Собрание сочинений. Том 5 - Дойл Артур Игнатиус Конан (полная версия книги txt) 📗
Молодой человек слушал этот рассказ о нанесенной сукновалу обиде, изо всех сил стараясь сохранять серьезность; однако, глядя на этого сморщенного, краснолицего человечка, который держался с такой важностью, юноша почувствовал приступ неудержимого смеха и вынужден был прислониться к стволу дерева. Сукновал посмотрел на него торжественно и скорбно, но, заметив, что он беззвучно смеется, поклонился с подчеркнутой иронической вежливостью и в новой одежде пошел прочь деревянным шагом.
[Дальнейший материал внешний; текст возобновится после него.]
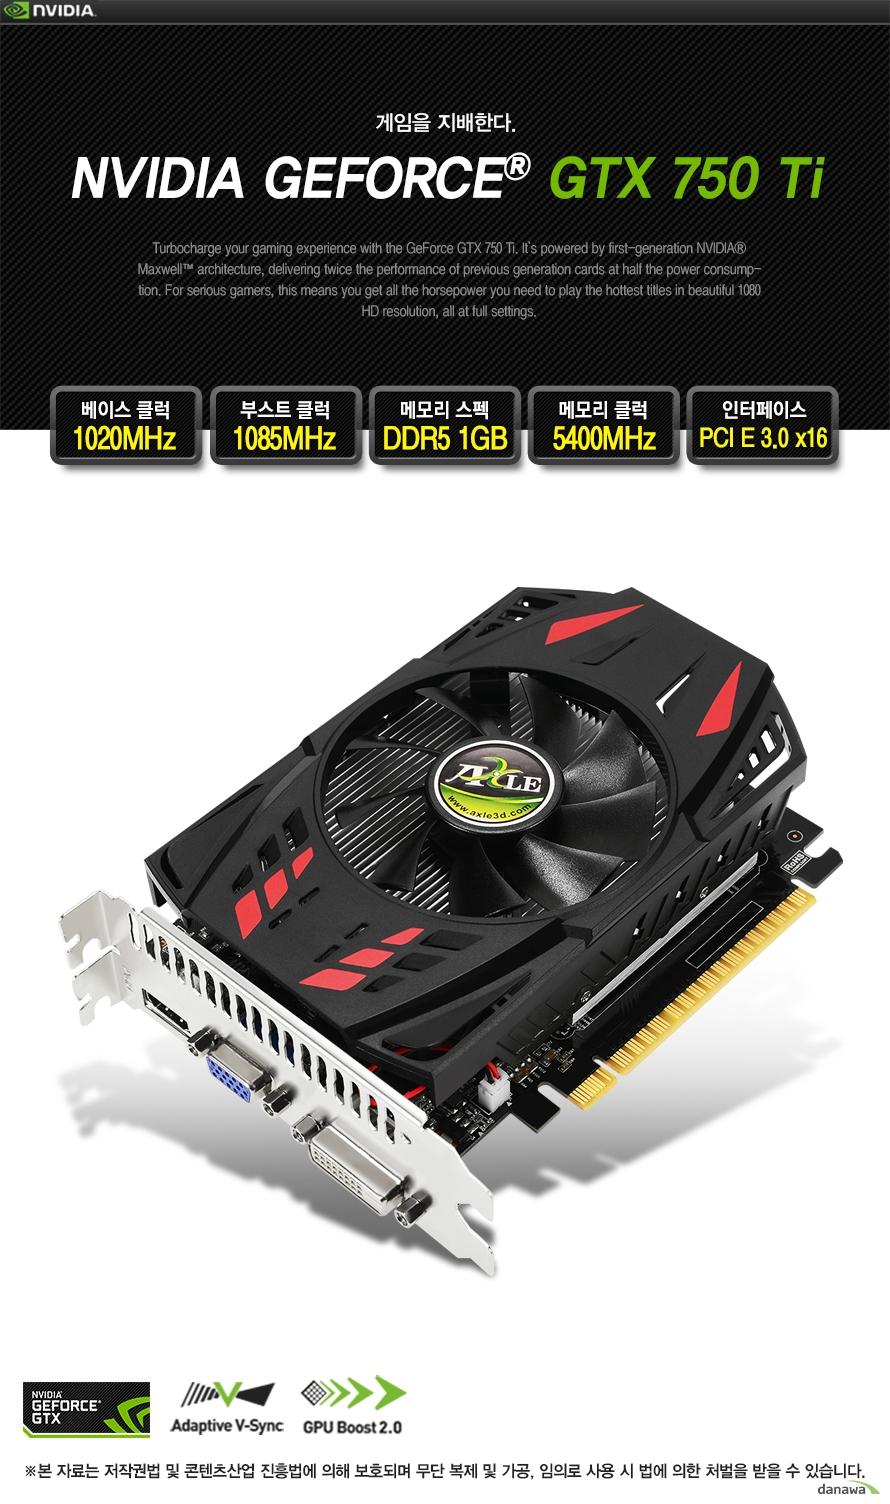 게이밍을 송두리 채 바꿀 성능 GeForece GTX750ti v2 d5 1기가바이트 SPECIFICATIONS  GPU 엔진 사양 GPU 공정28nm 베이스 클럭1020MHz 부스트 클럭1085MHz CUDA 코어640 Units  메모리 사양 메모리 속도 (Gbps)5400MHz 메모리 용량1GB 메모리 인터페이스128-bit GDDR5  기타 사양 최대 지원 모니터 수3개 최대 사용 전력최대 60W 권장 파워 용량정격파워 400W 이상 인증번호MSIP-REI-ABG-GTX750ti  지원기능 NVIDIA Maxwell Architecture   NVIDIA CUDA Technology NVIDIA GPU Boost 2.0 NVIDIA Adaptive Vertical Sync NVIDIA GeForce Experience  Open GL 4.4 Support Open CL Support NVIDIA Shield Ready NVIDIA 3D Vision Ready NVIDIA Surround FXAA & TXAA Technology NVIDIA PhysX Technology Microsoft DirectX 11.2 API  제품 사이즈 길이 148mm 높이 87mm 너비 38mm

Аллейн следил за ним, пока тот не стал едва виден; затем он отер слезы смеха и решительно двинулся дальше.
Глава IV
Как саутгемптонский бейлиф прикончил двух бродяг
Дорога, по которой шел Аллейн, была гораздо безлюднее, чем другие дороги королевства, особенно те, что соединяли меж собой более крупные города. Все же время от времени Аллейн встречал путников, не раз его обгоняли вереницы мулов с вьюками и группы всадников, двигавшихся в том же направлении, что и он. Один раз ему попался нищенствующий монах в коричневой рясе; он прихрамывал и, увидев Аллейна, стал жалобно умолять, пусть тот подаст ему мелкую монетку на покупку хлеба и тем спасет от голодной смерти. Но Аллейн торопливо прошел мимо: в монастыре его научили избегать нищенствующих монахов, кроме того, из сумы попрошайки торчала огромная полуобглоданная баранья кость, доказывавшая, что он лгун. Как ни спешил юноша прочь, он все же услышал, как тот проклинал его именем четырех святых евангелистов. И так ужасны были эти проклятия, что Аллейн, перепуганный, заткнул уши и бежал до тех пор, пока монах не превратился в коричневое пятнышко на желтой дороге.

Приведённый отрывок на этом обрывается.